━━ RECORDED INFORMATION ━━

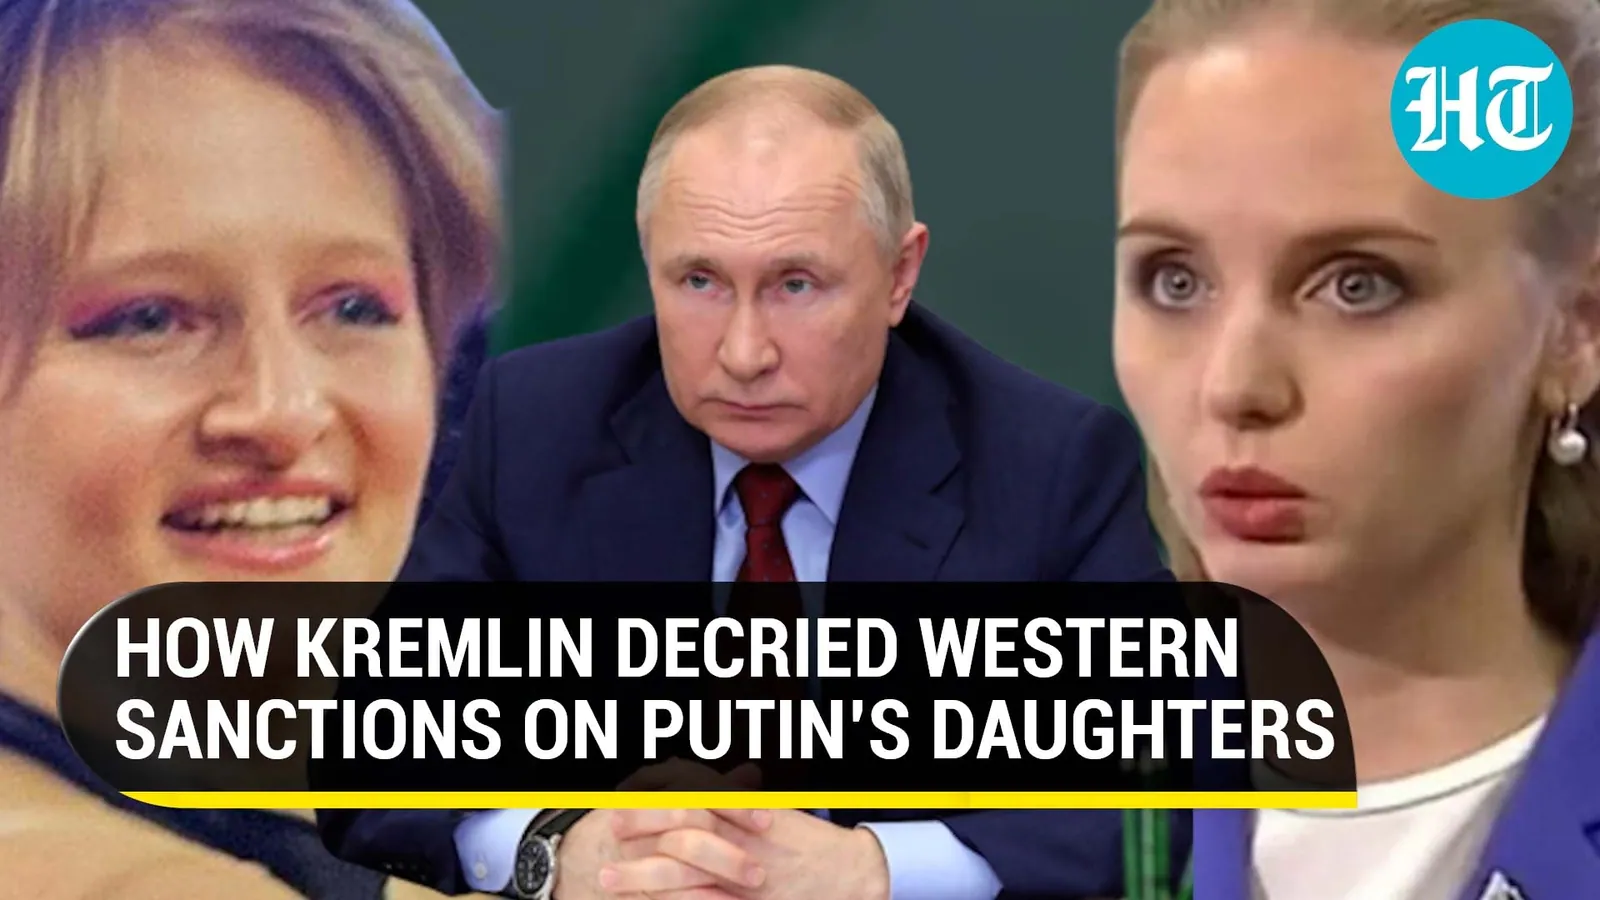 ‘Western frenzy’: How Russia decried Biden govt’s sanctions on Putin’s daughters
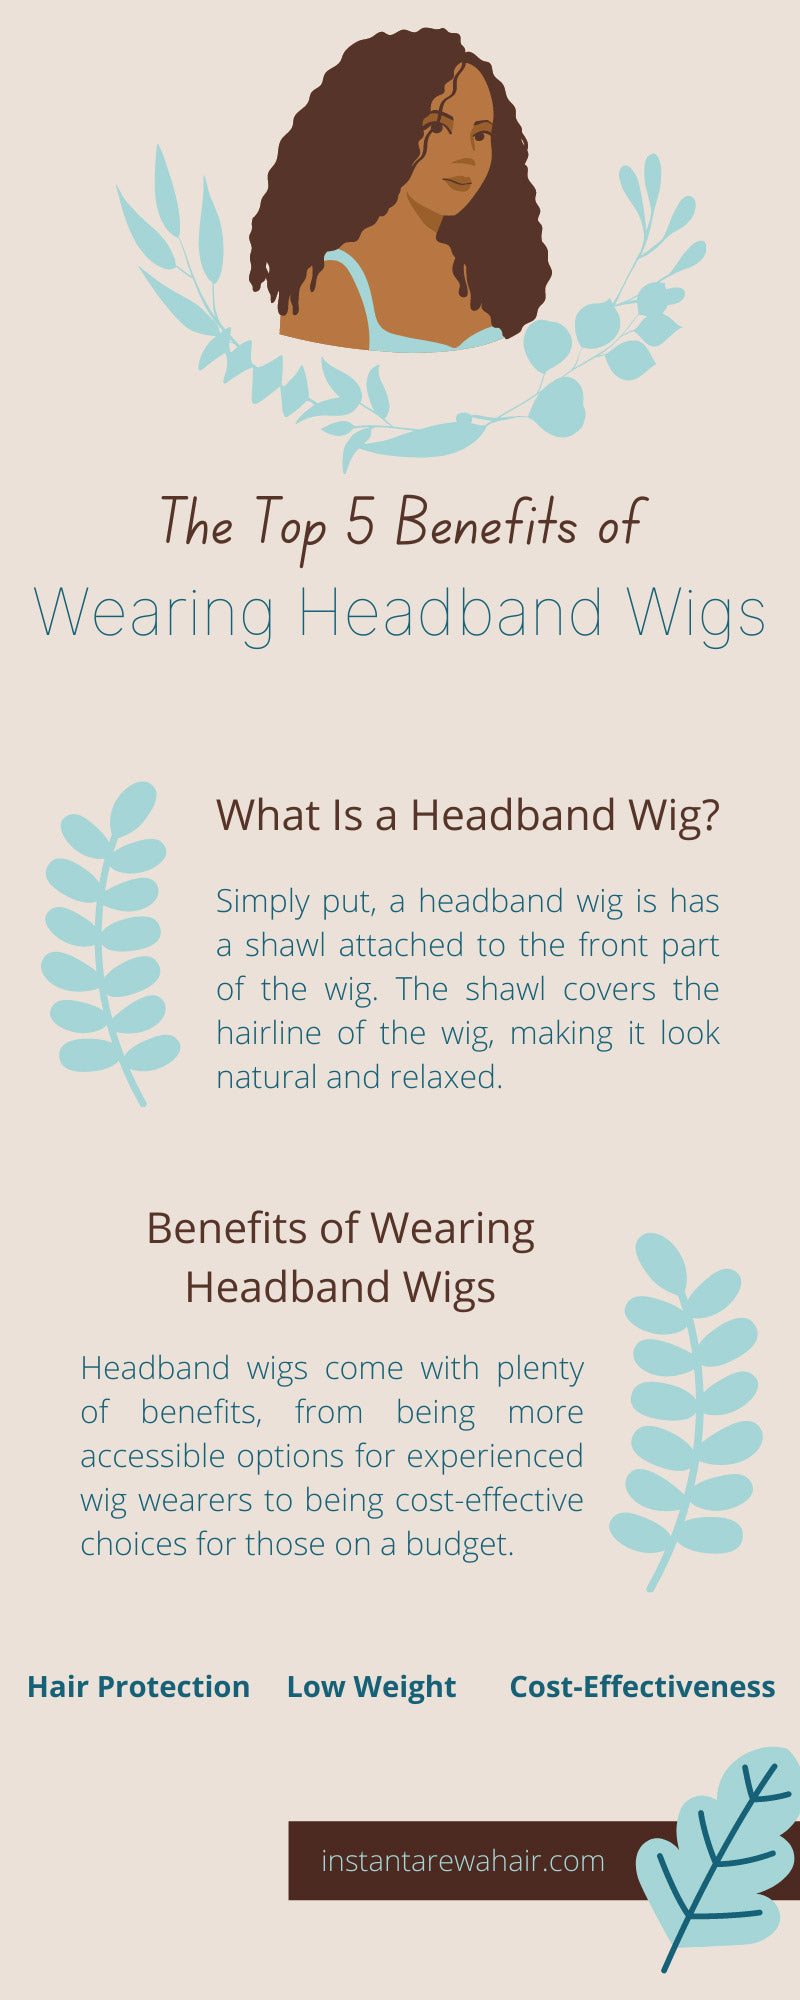 The Top 5 Benefits of Wearing Headband Wigs
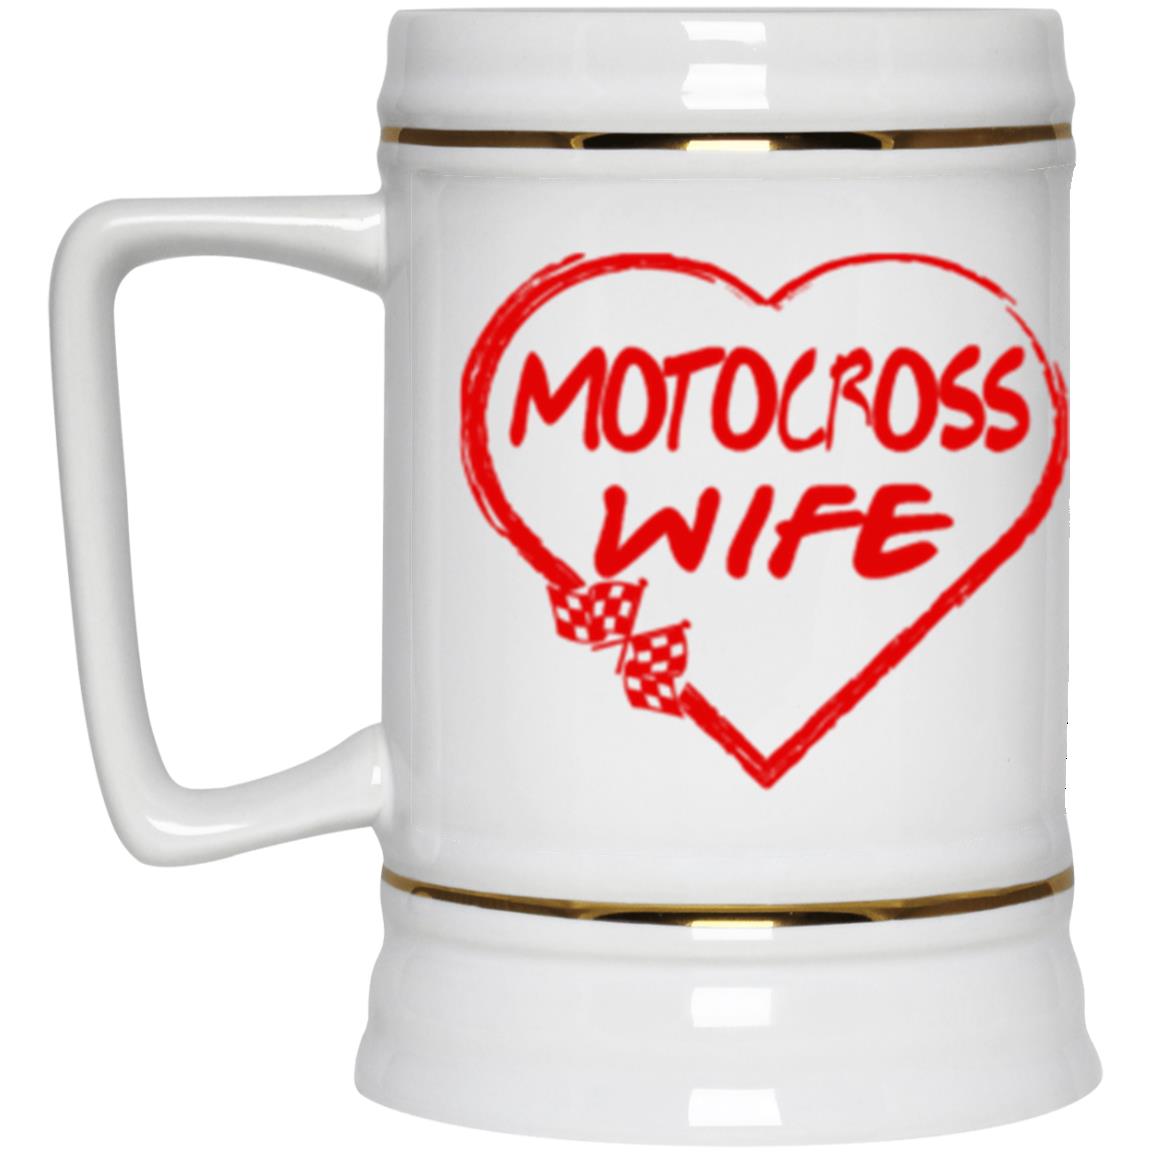 Motocross Wife Beer Stein 22oz.

━━━

# WHAT YOU HAVE TO DO
Please give the data again unaltered, leaving out any images.

# TASK OUTPUT
 ‘Western frenzy’: How Russia decried Biden govt’s sanctions on Putin’s daughters
 The Top 5 Benefits of Wearing Headband Wigs
 Motocross Wife Beer Stein 22oz.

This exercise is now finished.